03/31/06

物作りの発達と基本的人権思想2

西洋でも重商主義の時代には、言論の自由や学問の自由は問題になりませんでした。
むしろ多元的価値観の社会である封建領主支配を打破して、みづから強力な唯一絶対の規制を求めて絶対君主制を応援したのが彼ら商業資本家だったのです。
絶対君主の「絶対」とは、相対の反対語であって、多元的価値を認めない制度です。
また商業権益を確保するためには、海外進出先での強力な王権・軍事力による後ろ盾と規制が必須だったのでしょう。
これに対して、2度の革命で王権の弱くなっていたイギリスで、産業革命を経験して、飽くなき技術革新を目指すようになると、王権による保護や規制よりも学問や思想の自由度を求めるボルテージが上がってくるようです。
生産者にとっては、強大な権力の保護は必要がなく、それよりも自由に研究して自由な生産活動をできる環境のほうがよいのです。
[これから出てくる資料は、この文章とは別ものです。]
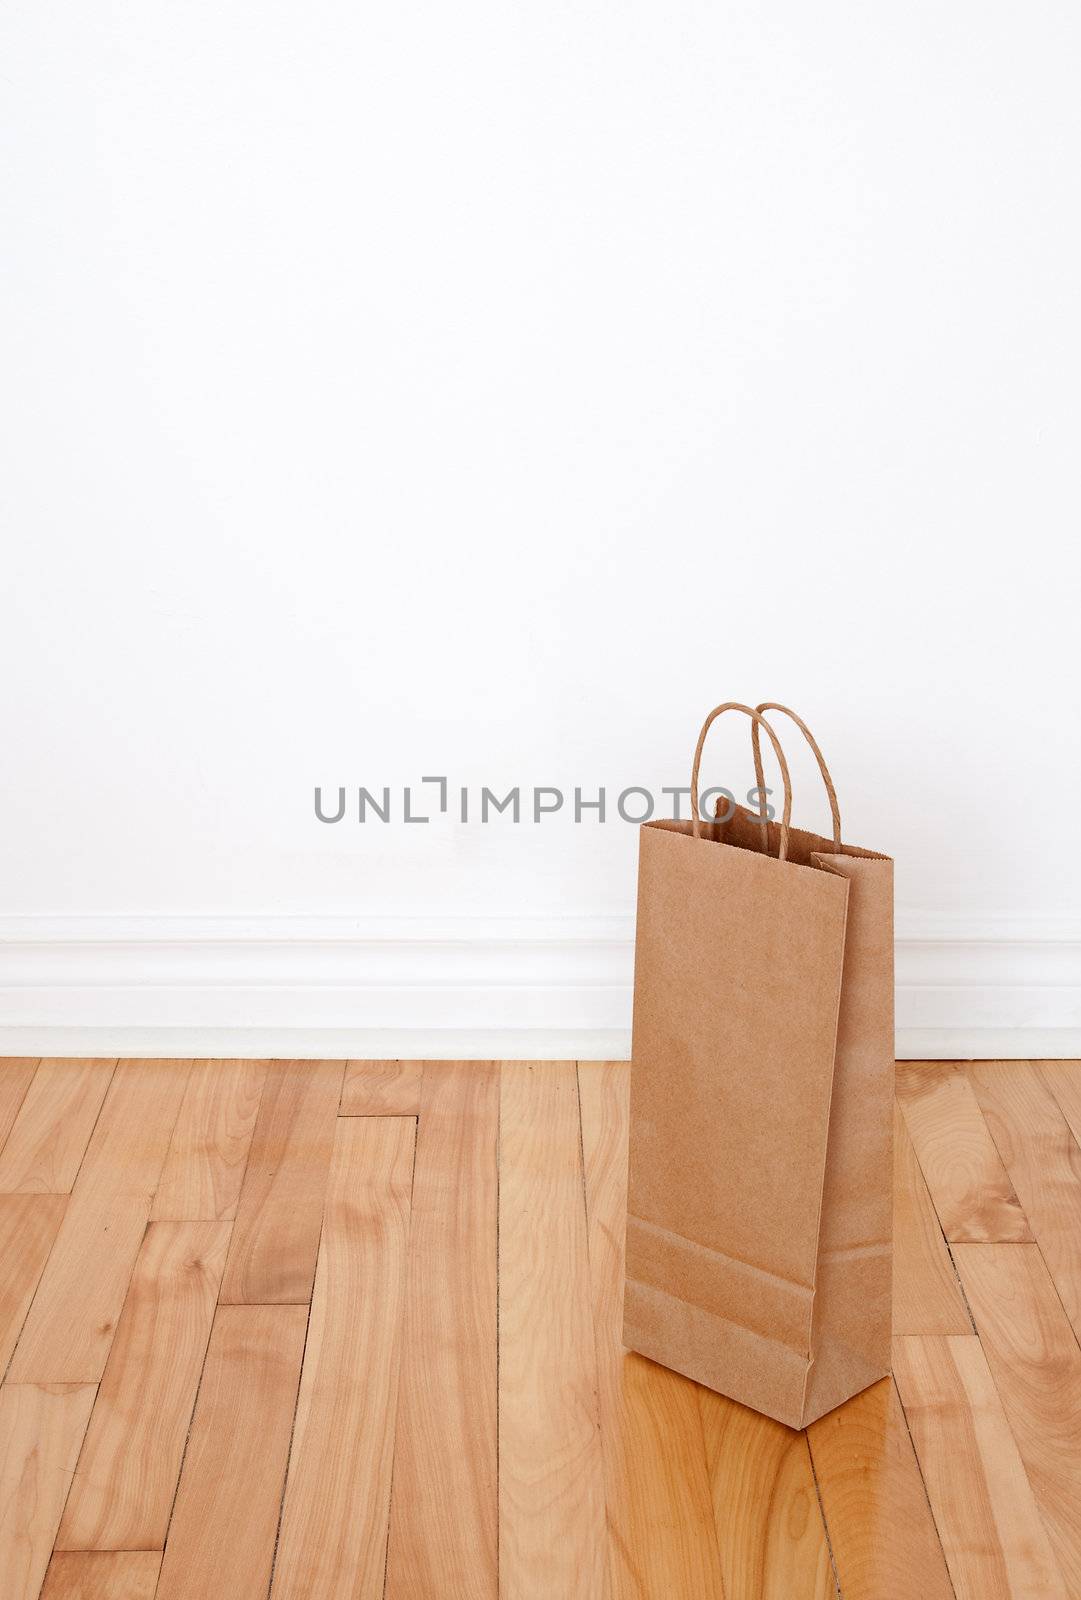 Paper bag on wooden floor against the white wall.

農民と戦争のコラムでも紹介しましたが、生産者は支配者が誰に変わっても大事にされるので、権力者の変更に関心が有りません。
赤穂浪士のコラムでも書きましたが、塩田の技術者は、浅野家が断絶しても次の領主が大事にした筈です。
ただ、赤穂藩の御用商人は入れ替えになったでしょう。
このように商人にとっては、権力の入れ替えは死活問題となるのです。
研究所のある生産者という大げさなものでなくとも、農家でも創意工夫するのに一々国家の許可がいる社会では困るでしょう。
自分の判断で、適地適時生産したり、適地適時作付けすればいいのであって、権力の大小は関係が有りません。
むしろ、害の方が大きいでしょう。
この害が出たのが、戦後の大規模農協の指導による、画一生産強制によって考える力を失った農業の衰退だったのではないでしょうか?
このように農業社会では、農協でさえ邪魔なのですから、国家という大きな組織はいらないのです。
思想、表現の自由や言論の自由などの基本的人権は、政治家や学者のためにあるのではなく、もの言わぬ生産者のためにこそあるのです。